Bisnis.com, JAKARTA – Kementerian Lingkungan Hidup dan Kehutanan tengah mencari terobosan regulasi yang memungkinkan ekosistem gambut fungsi lindung dalam konsesi hutan tanaman industri dapat menjadi obyek bisnis berbasis perdagangan karbon.
Direktur Jenderal Pengelolaan Hutan Produksi Lestari KLHK Ida Bagus Putera Parthama menegaskan pemerintah tidak akan mengeluarkan gambut fungsi lindung dari areal kerja perusahaan hutan tanaman industri (HTI). Malahan, pemegang konsesi diwajibkan untuk menjaga dan memulihkan gambut agar sesuai dengan fungsinya.
“Areal yang tadinya memang sudah menjadi beban, dengan adanya kewajiban unit manajemen untuk menjaganya, jadi penuh beban lagi memang,” katanya dalam acara Diskusi Implementasi Pencegahan Perubahan Iklim Usaha Sektor Kehutanan di Jakarta, Rabu (1/3/2017).
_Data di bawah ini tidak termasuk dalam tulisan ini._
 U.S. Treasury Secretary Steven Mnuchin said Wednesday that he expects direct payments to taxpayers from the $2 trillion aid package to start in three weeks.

KLHK, tambah Putera, ingin membalikkan anggapan tersebut. Zona lindung, misalnya, dapat menjadi obyek bisnis sampingan bagi pemegang konsesi. Apalagi, ekosistem gambut, termasuk yang berfungsi lindung, memang boleh untuk dimanfaatkan.
Semenjak 2012, misalnya, pemerintah merilis izin restorasi ekosistem yang model bisnisnya berbasis perdagangan karbon. Namun, menurut Putera, regulasi belum memungkinkan dua jenis izin diberikan dalam satu areal kerja yang sama.
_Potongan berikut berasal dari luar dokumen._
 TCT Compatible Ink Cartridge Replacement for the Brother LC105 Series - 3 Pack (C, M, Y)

“Bagaimana gambut yang menjadi fungsi lindung di HTI itu dijadikan sub-area yang arahnya semacam restorasi ekosistem. Kami akan garap supaya ini bisa legal,” ujarnya.
Menanggapi hal ini, Direktur Eksekutif Asosiasi Pengusaha Hutan Indonesia (APHI) Purwadi Soeprihanto berpendapat regulasi saat ini sudah memungkinkan adanya variasi bisnis dalam satu konsesi. “Bukan lewat izin tambahan, tetapi pemanfaatannya itu kira-kira silvikultur multisistem,” katanya di acara yang sama.
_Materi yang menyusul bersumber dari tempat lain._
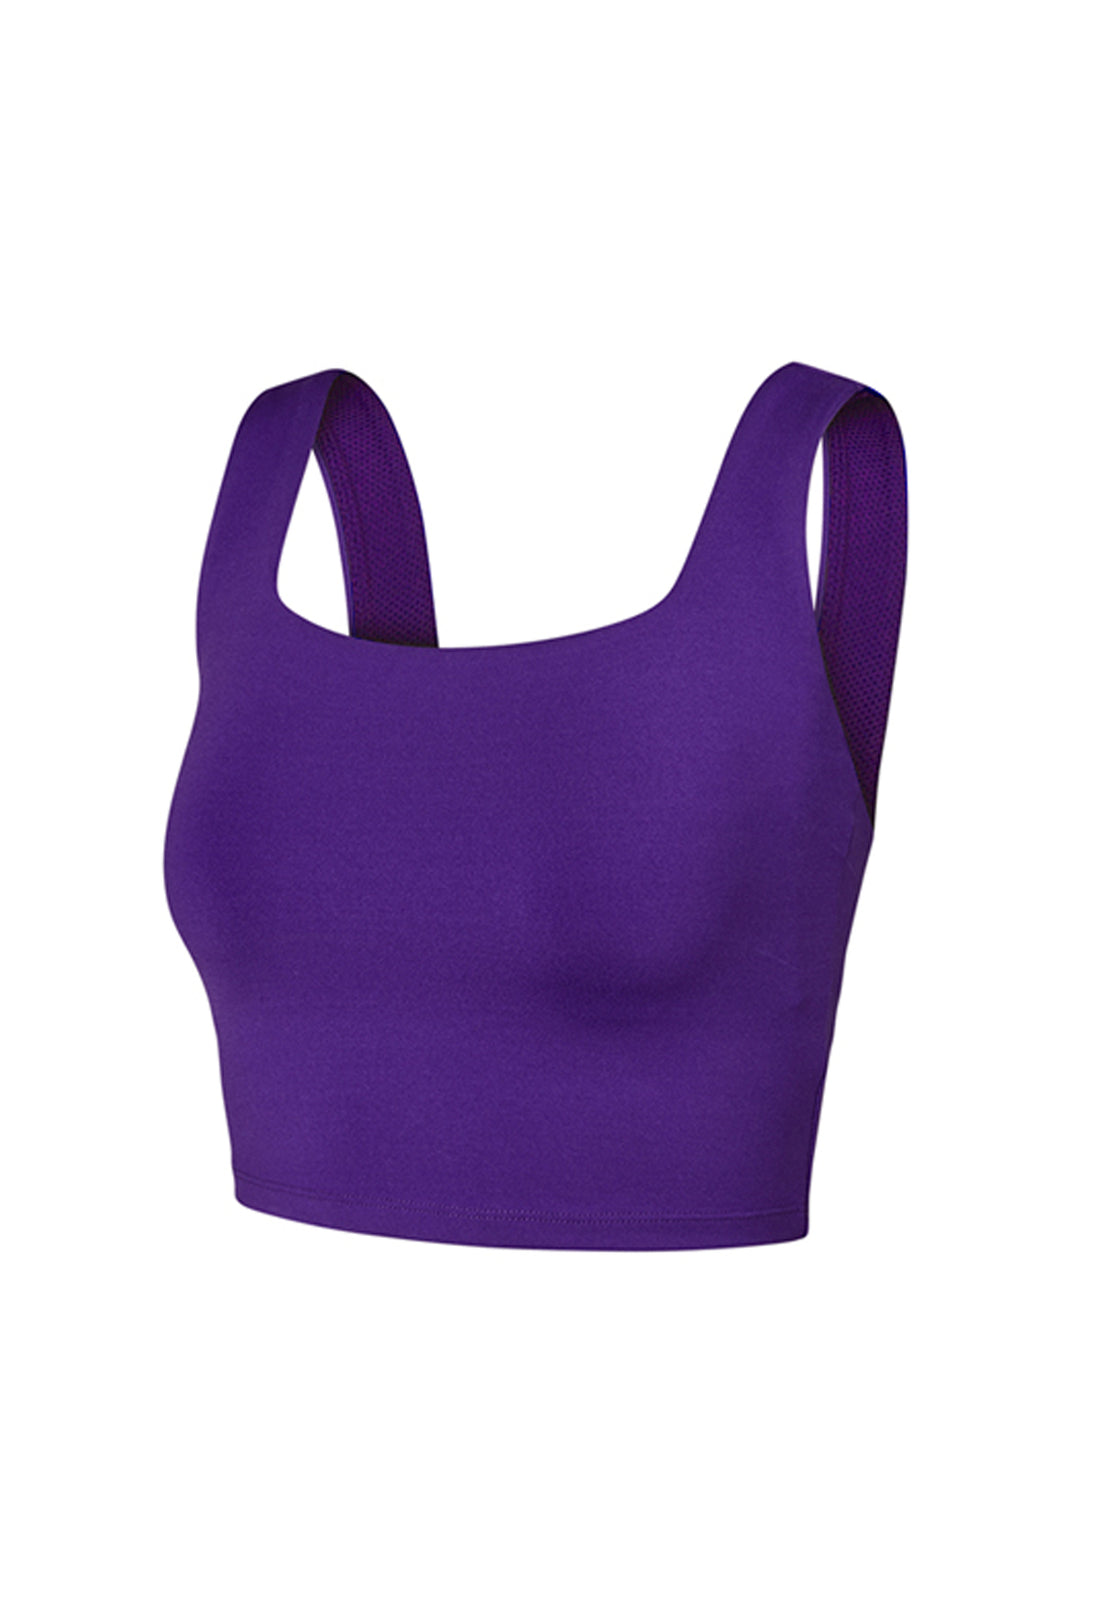 XELLA Intention Bra Top - Ultra Violet (Clearance)

Purwadi menyebutkan UU No. 41/1999 tentang Kehutanan dan peraturan pemerintah turunannya membolehkan pemanfaatan bisnis jasa lingkungan, jasa wisata, dan perdagangan karbon. Sayangnya, dia menilai mekanisme Nationally Determined Contribution (NDC) menutup peluang bagi pelaku usaha restorasi ekosistem untuk mendapat fasilitas transaksi karbon yang bersifat sukarela.
Sementara itu, Fungsionaris APHI Priatna mendambakan mekanisme perdagangan karbon ini bisa segera terlaksana. Saat ini, pelaku usaha restorasi ekosistem hanya mengandalkan bantuan pendanaan dari luar negeri.